Bürgerkrieg wegen nichts?

Leipzig im Belagerungszustand. Tausende Polizisten paßten heute auf, daß sich etwa 40.000 Demonstranten nicht an die Gurgel gehen. Im Wesentlichen ist das gelungen. Abgesehen von ein paar Brandanschlägen, einem demolierten Bahnhof, Prügelorgien und Flaschenwürfen der Antifanten. Dank an die bewaffneten Organe!

Inhaltlich gibt es zwischen LEGIDA und den Gegendemonstranten kaum einen Unterschied. Der LEGIDA-Redner Jürgen Elsässer rief alle Ausländer auf, bei LEGIDA mitzumarschieren und lobte sie für ihre Leistungen. Ähnliches wird man auch hinter der dreifachen Polizeikette gedacht haben. Es sind feine Nuancen, die den Unterschied machen. LEGIDa will, daß die Ausländer mal angesehen werden, bevor sie reinkommen, die Antifa will das nicht. Oder nach Charlie doch? Die Elsässer-Rede war ziemlich links. Sind die Antifanten doch auch!
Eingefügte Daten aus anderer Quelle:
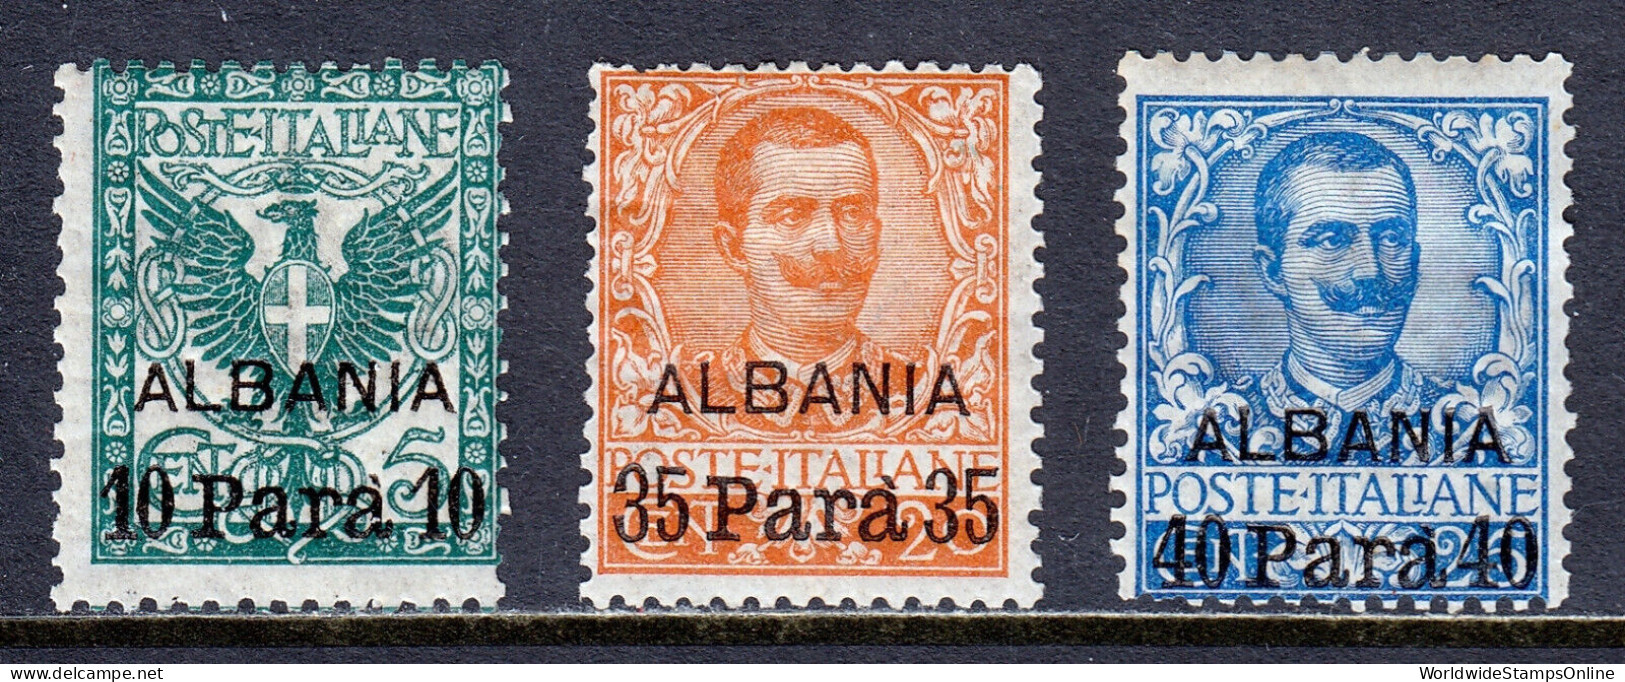 ITALY (OFFICES IN ALBANIA) — SCOTT 1-3 — 1903 OVERPRINT SET — MH — SCV $26 - Albanië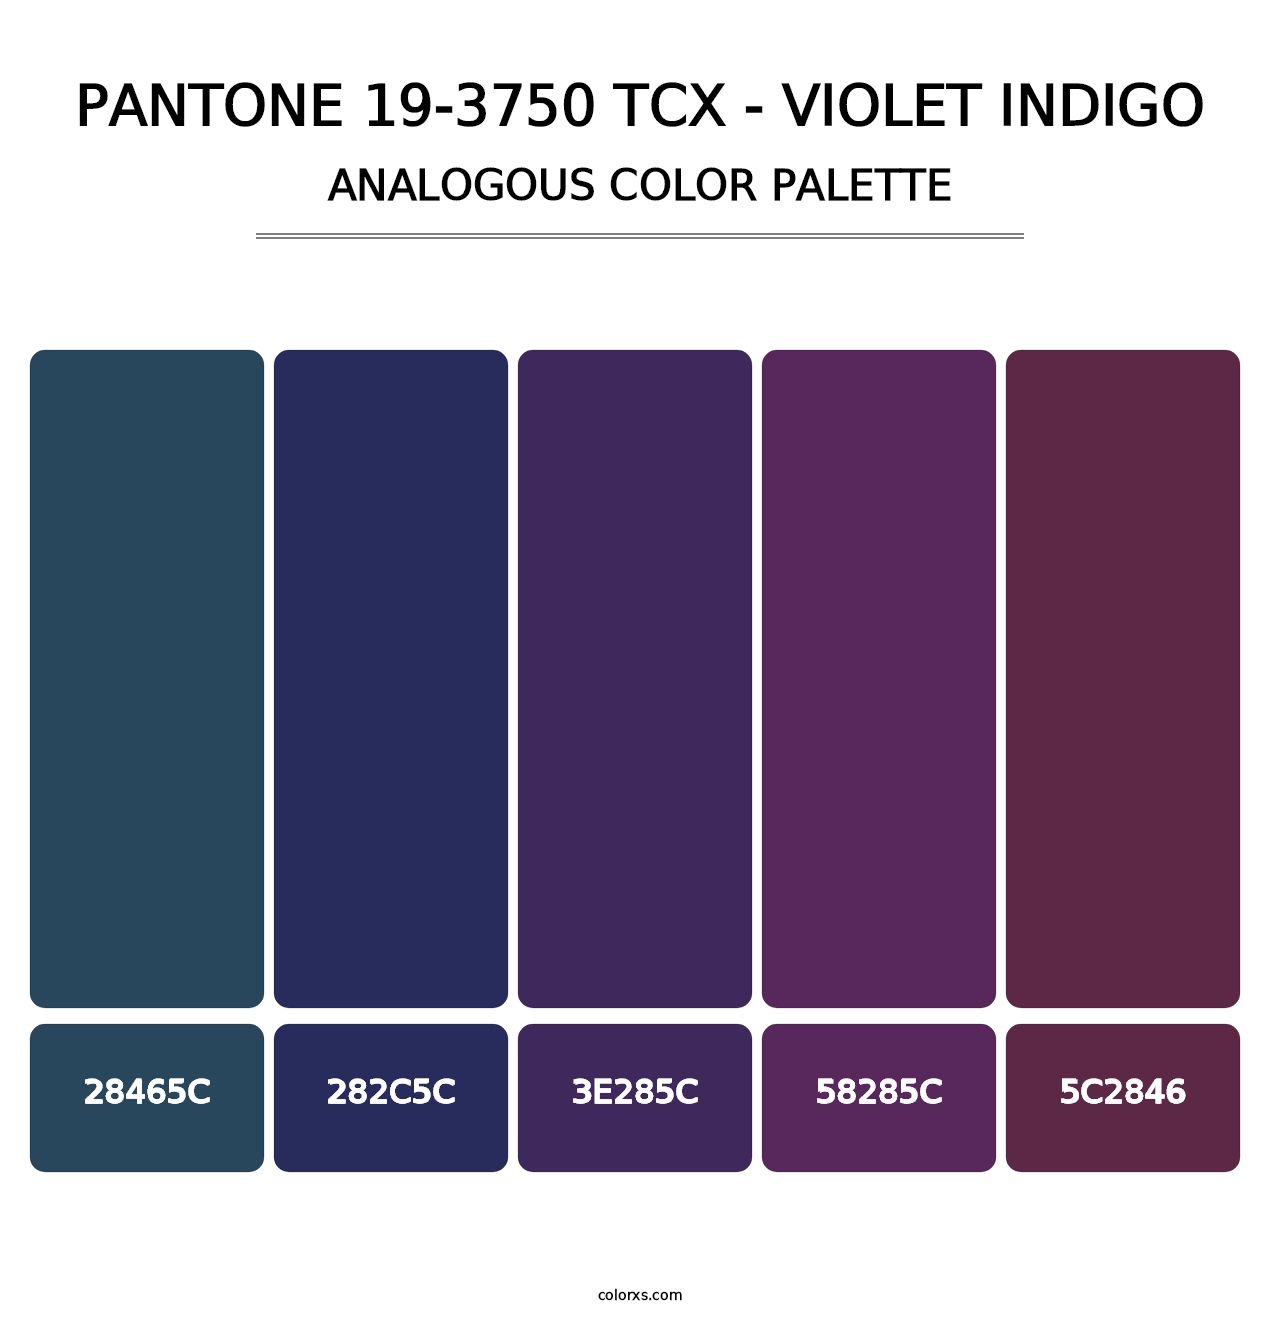 PANTONE 19-3750 TCX - Violet Indigo - Analogous Color Palette

Leipzig ist nicht so „gemiedlich“ wie Dresden. Dresden ist eine Beamtenstadt mit einem Facharbeiteradel, vielen Ingenieuren und Freiberuflern. Die Technische Uni spuckt nicht so viele Gewalttäter aus. Das spiegelt sich in den Teilnehmern der Demos in Dresden. Alles ist ein bißchen Kindergeburtstag. Man kann vor und nach der Kundgebung ganz normal durch die Stadt zum Auto gehen und wünscht sich gegenseitig eine gute Nacht.

Leipzig hat das Copyright Foto Wolfgang Prabel
Leipzig hat das Copyright Foto Wolfgang Prabel

Leipzig dagegen hat geisteswissenschaftliche Fakultäten. Und die LEGIDA wird mehr von der Baustelle beschickt. In Dresden sind die Demonstranten etwas älter und wohlhabender als der Durchschnitt, in Leipzig sind sie jünger und deshalb wirtschaftlich eher im Aufbau. Alles ist viel krasser und zugespitzter in der Pleißestadt. Da stehen sich hinter den Polizeiketten das verbliebende Proletariat und Studenten bzw. Gymnasiasten gegenüber.  Da läuft Klassenkampf mit kulturellem Hintergrund. Oder Kulturkampf mit Klassenhintergrund. Studentenverbindungen waren schon vor hundert Jahren elitär und Arbeiter klebten auch damals schon stärker an der deutschen Sprache und Kultur.

Die Ausländer sind in diesem Kulturkampf inzwischen Nebensache und Vehikel. Sie sind sowohl bei der LEGIDA wie auch bei den Gegendemos spärlich vertreten. Die Islamkritiker schauen beim Spaziergang an den Häuserfronten hoch, wo Autonome und Studenten in den Fenstern hocken. Die LEGIDAS rufen: „Nazis raus!“ oder „Geht lieber mal arbeiten!“.  Die Antifa hat leistungsstarke Musikanlagen, spielt „Freude schöner Götterfunken“ und hält dagegen: „Nazis raus!“ Auf Plakaten der Antifa werden die Spaziergänger in der Regel als blöde abgetan.

Beide Gruppen sind gewöhnlich unter Gleichgesinnten und überschreiten nur gelegentlich die Grenze in die jeweils andere Kultur. Kulturell befinden wir uns im Bürgerkrieg, seitdem sich die Schaffenden nicht mehr alles bieten lassen und Teilhabe einfordern. Medial und politisch. Der gewerblich-technische Bereich ist in der L-Presse, im L-Funk und in den L-Parlamenten seit mittlerweile zwei Jahrzehnten abgemeldet.  Der Kulturbetrieb und der politische Überbau im Marxschen Sinne ist im Gegensatz medial und politisch stark übergewichtet.

Deutschland muß Demokratie wieder lernen. Daß die Anderen auch zu Deutschland gehören und sich mal melden dürfen. Das wird für die Eliten arg gewöhnungsbedürftig, weil sie bisher alles diskussionslos diktieren konnten bis zur Anrede „Frau Professorin“ an der Leipziger Uni. Die Unterdrückten müssen die politische Sprache erst wieder erlernen. Nein, sie dürfen keine politisch korrekten Floskeln nachbeten, sondern sie müssen knallharte Forderungen an das System stellen.

Auf den ersten Blick wird in Deutschland Bürgerkrieg wegen fast nichts geführt. Auf den zweiten Blick sieht jeder hinter den Polizeikordons sein Gegenbild und seinen Feind. Wir bräuchten eine Bundeskanzlerin, die in dieser Situation nicht Partei ergreift, sondern moderiert. Dasselbe gilt für ihren Justiz-Heiko.